After the transformation, there are much more functions inside the module. Let's print
the global vars again.

.. GENERATED FROM PYTHON SOURCE LINES 194-197

.. code-block:: Python


    print(mod.get_global_vars())





.. rst-class:: sphx-glr-script-out

 .. code-block:: none

    (I.GlobalVar("add"), I.GlobalVar("add1"), I.GlobalVar("main"), I.GlobalVar("matmul"), I.GlobalVar("matmul1"), I.GlobalVar("relu"), I.GlobalVar("transpose"), I.GlobalVar("transpose1"))

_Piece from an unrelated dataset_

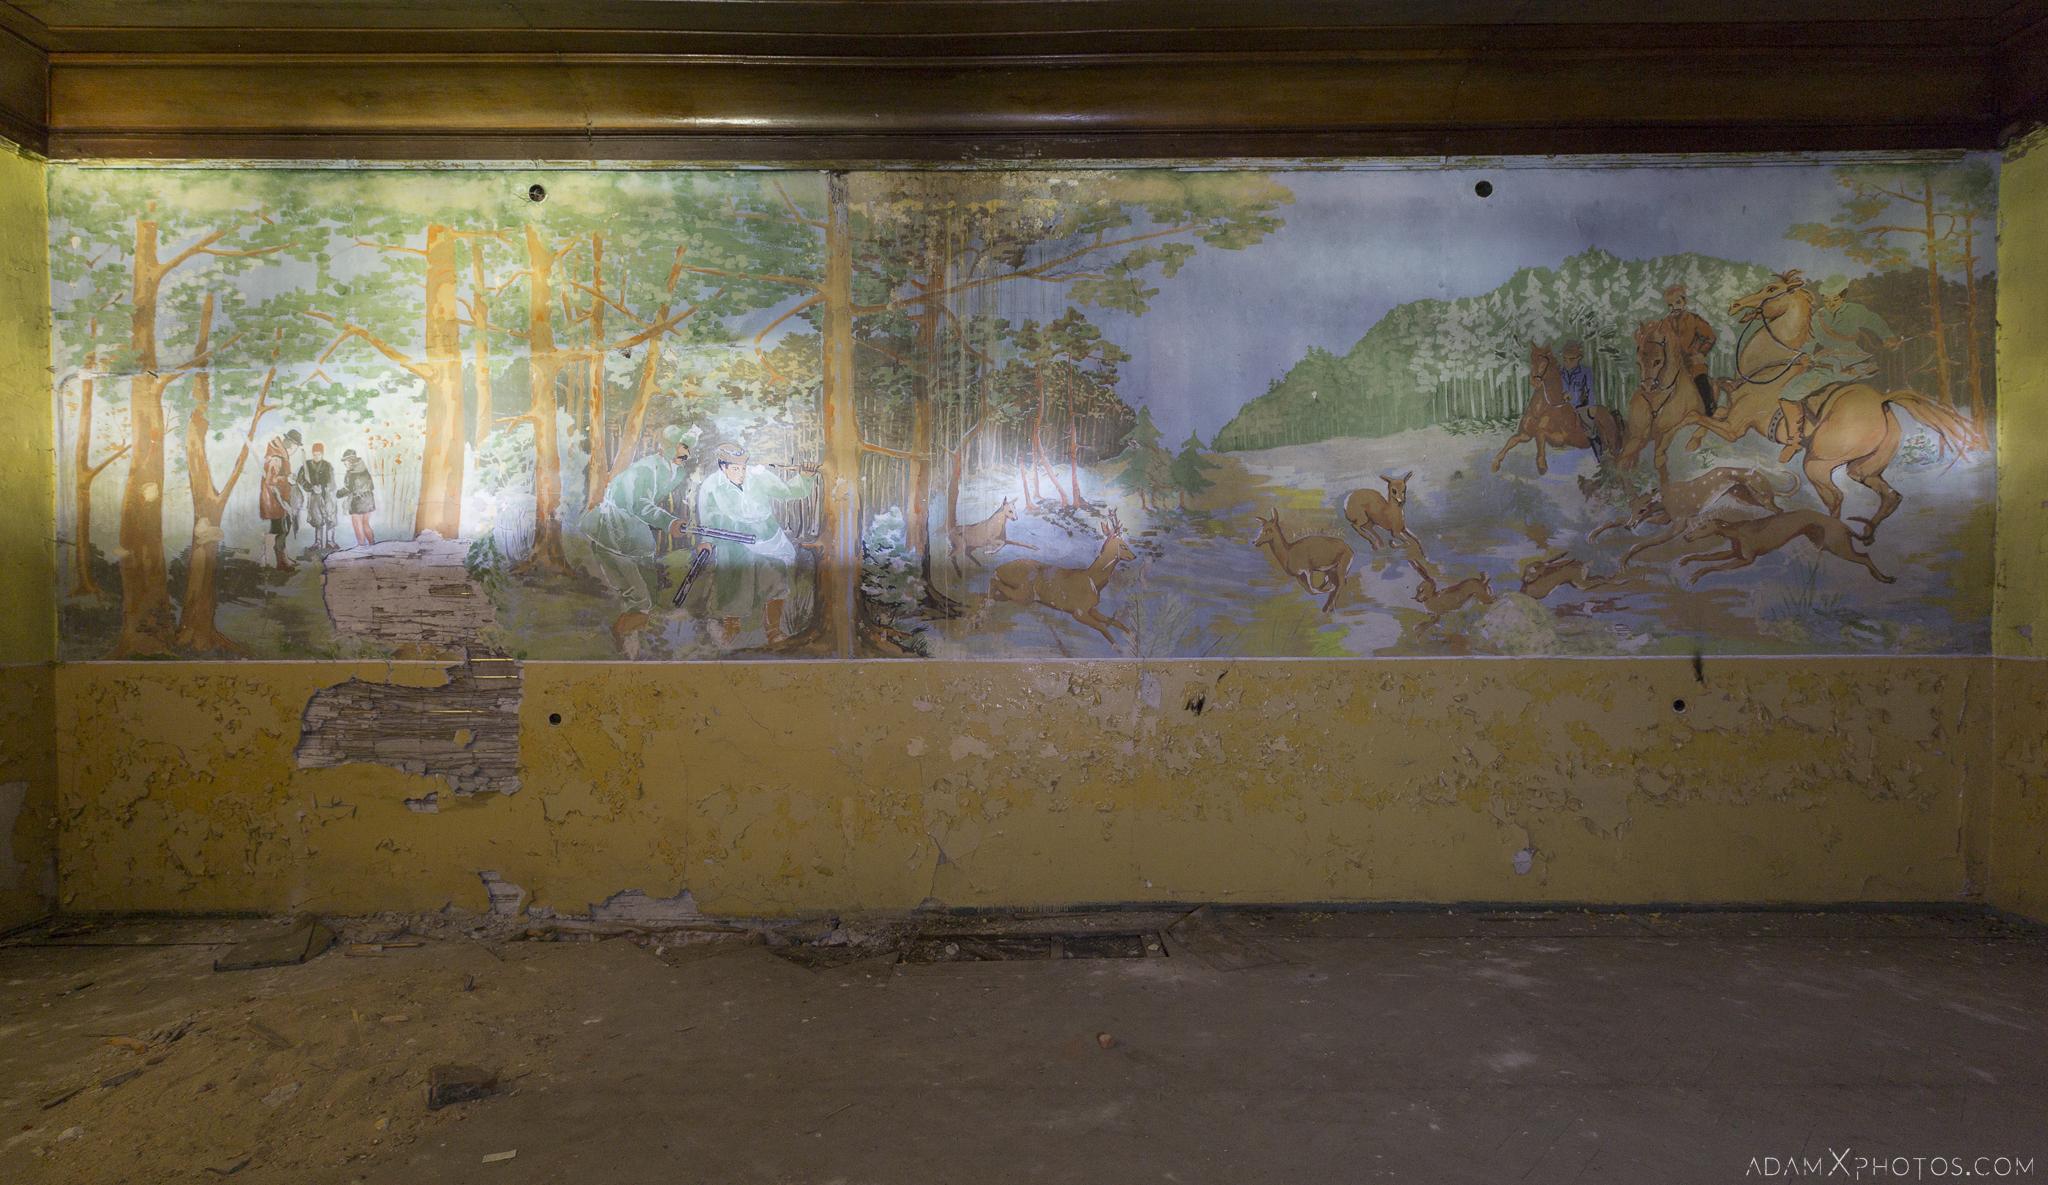 Mural hunting scene woodland Hunter's castle Moja Wola Pałac Myśliwski w Mojej Woli Urbex Poland Adam X Urban Exploration Access 2016 Abandoned decay lost forgotten derelict location haunting eerie

.. GENERATED FROM PYTHON SOURCE LINES 198-220

Next, Apache TVM provides a set of default transformation pipelines for users,
to simplify the transformation process. We can then apply the default pipeline to the module.
The default **zero** pipeline contains very fundamental transformations, including:

- **LegalizeOps**: This transform converts the Relax operators into `call_tir` functions
  with the corresponding TensorIR Functions. After this transform, the IRModule will
  contain both Relax functions and TensorIR functions.
- **AnnotateTIROpPattern**: This transform annotates the pattern of the TensorIR functions,
  preparing them for subsequent operator fusion.
- **FoldConstant**: This pass performs constant folding, optimizing operations
  involving constants.
- **FuseOps and FuseTIR**: These two passes work together to fuse operators based on the
  patterns annotated in the previous step (AnnotateTIROpPattern). These passes transform
  both Relax functions and TensorIR functions.

.. note::

  Here, we have applied **LegalizeOps** twice in the flow. The second time is useless but
  harmless.

  Every passes can be duplicated in the flow, since we ensure the passes can handle all legal
  IRModule inputs. This design can help users to construct their own pipeline.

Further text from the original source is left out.